Am Ende konnten wir die Schlacht, musste er jetzt denken, nicht einmal führen und dennoch ging sie verloren! Obwohl Baron Kreutz an Paradoxien seine Freude hatte: Die Absurdität dieser Wahrheit peinigte ihn! Mehr als ein Vor und Zurück, ein Beinahe-Stillstand, der immer länger dauerte und die Moral anfraß, war aus Olmütz nicht geworden. Der österreichische Feldmarschall Daun, ein alter Langweiler und überlegter Stratege, einer der besten Militärführer, die der Baron je erlebt hat, hatte jedes offene Aufeinandertreffen vermieden, aber die preußischen Belagerer mit kleinen nächtlichen Überfällen in Aufregung versetzt und zermürbt, statt sich von ihnen zermürben zu lassen.

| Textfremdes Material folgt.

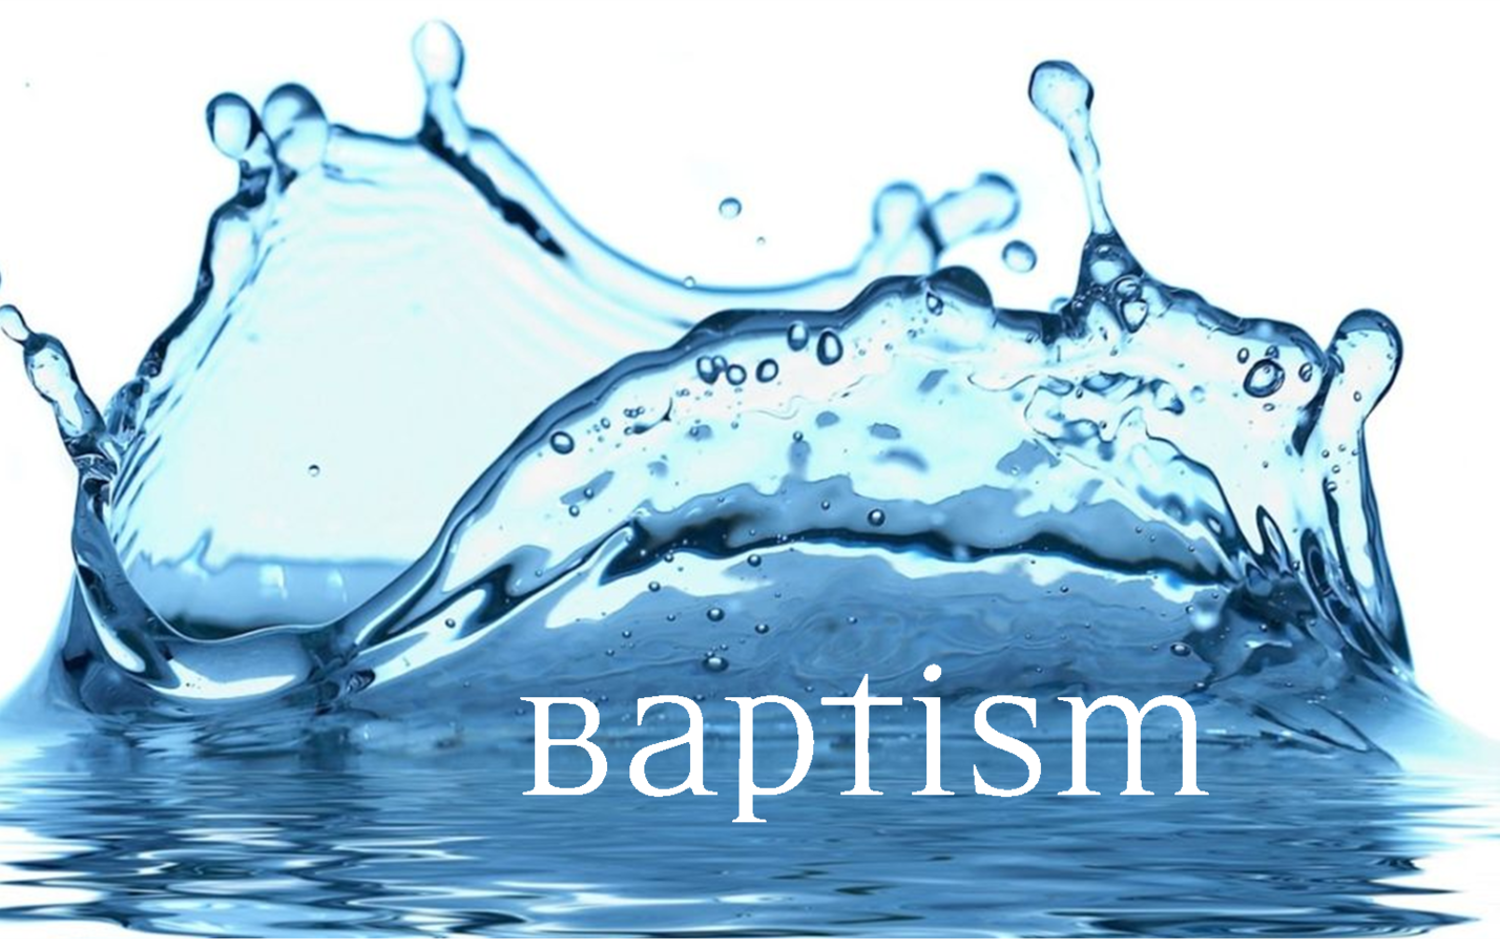 Sunday Worship & Baptism Service

Zuletzt war Kreutz selbst um die Stadt geritten, aber auch ihm war keine Möglichkeit aufgefallen, die ausgezeichnet versorgte Festung aus der Reserve zu locken. Deprimiert hatte er die Geduld verloren und sich auf einen »Aufklärungsausritt« gestohlen. Dieser hatte ihn wieder näher an Rosswald herangeführt.

Immer hatte er sich gefragt, wie es wohl hinter diesen Mauern aussehen mochte. Er wusste, dass Graf Hoditz dort Feste veranstaltete, die von allen, die sie erlebt hatten, bewundert wurden. Manchen galten sie als Teil des Entwurfs einer neuen Lebensform, die in diesem kleinen Reichsgrafen ihre staunenswerte Verkörperung fand. Ein glanzvolles Leben abseits der Höfe und ihrer Gesellschaft! Ein wahrhaftiger Epikureer, mitten im Krieg?

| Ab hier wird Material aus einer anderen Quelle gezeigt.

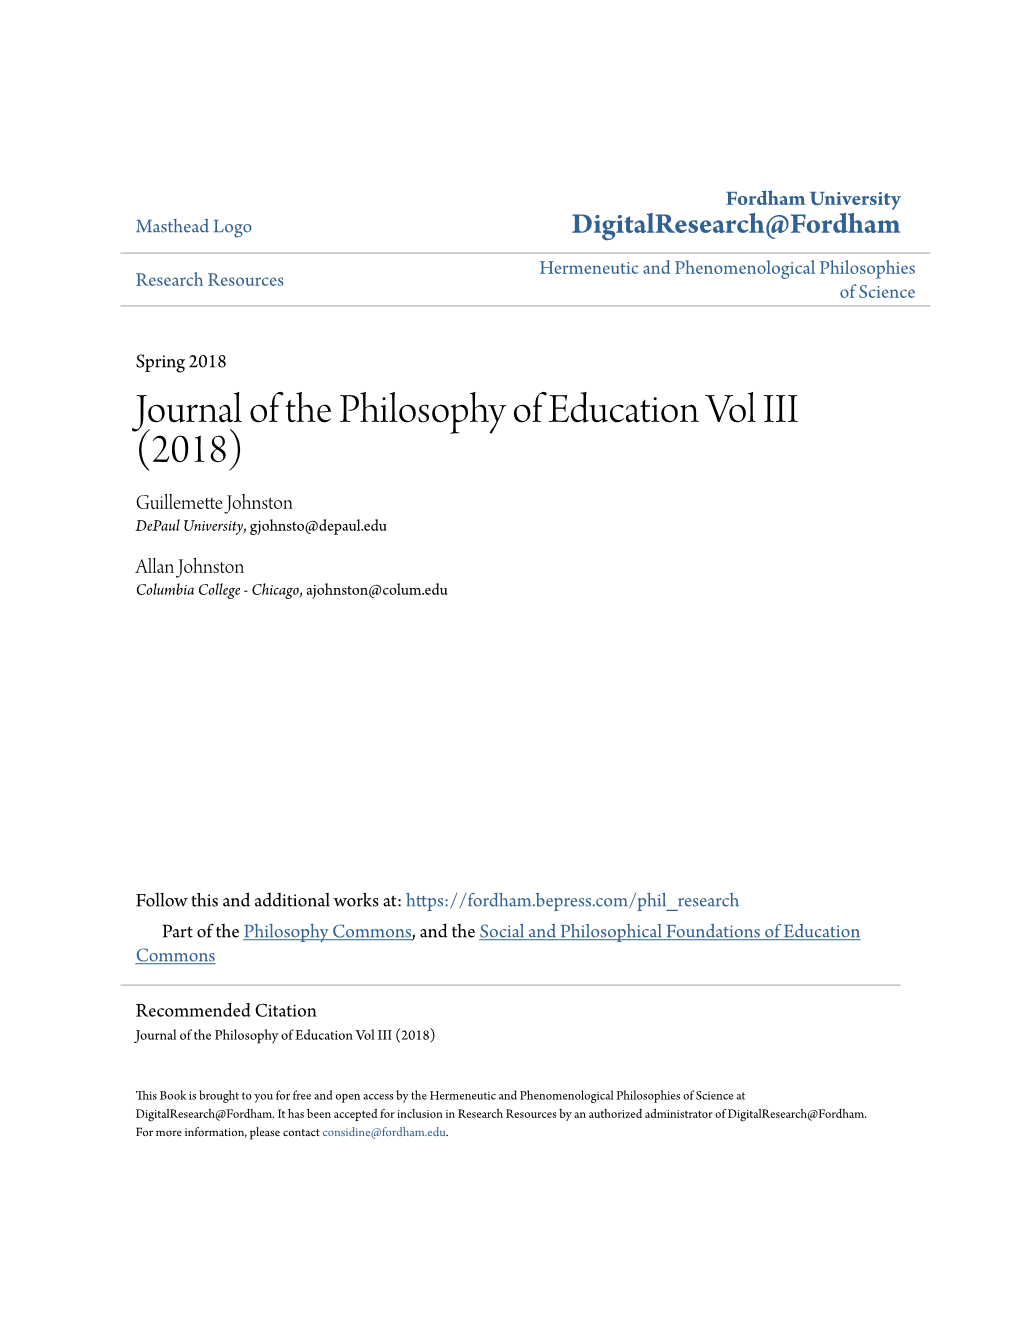 Journal of the Philosophy of Education Vol III (2018) Guillemette Johnston Depaul University, Gjohnsto@Depaul.Edu

Kreutz hatte neue Aussichten nötig.

Erst als er wieder über dem Schloss gestanden hatte, hatte er erneut zu zögern begonnen. Doch nach einiger Zeit war der vierschrötige junge Mann, der ihm damals im Weg stand, auf ihn und seinen Begleiter zugekommen und hatte den Schlossherrn gerufen.

Kreutz hatte es genossen, vom Grafen mit nachlässiger Ironie durch den menschenleeren Park geführt zu werden. Doch als er plötzlich bemerkte, dass der Graf ihn erkannte, war ihm unbehaglich zumute geworden. Sollte er sich zu erkennen geben, wie zuerst beabsichtigt? Aber warum hatte er es nicht gleich getan?

Der Graf spielte die Komödie mit Eleganz und löste sie auf, ohne zudringlich zu werden. Sie unterhielten sich einen Abend lang ohne Ziel. Baron Kreutz fühlte sich von einem überlegenen Geist an die Hand genommen, was ihm selten geschah. Am nächsten Morgen hatte er wieder etwas Zuversicht gefasst und war in aller Frühe nach Olmütz zurück.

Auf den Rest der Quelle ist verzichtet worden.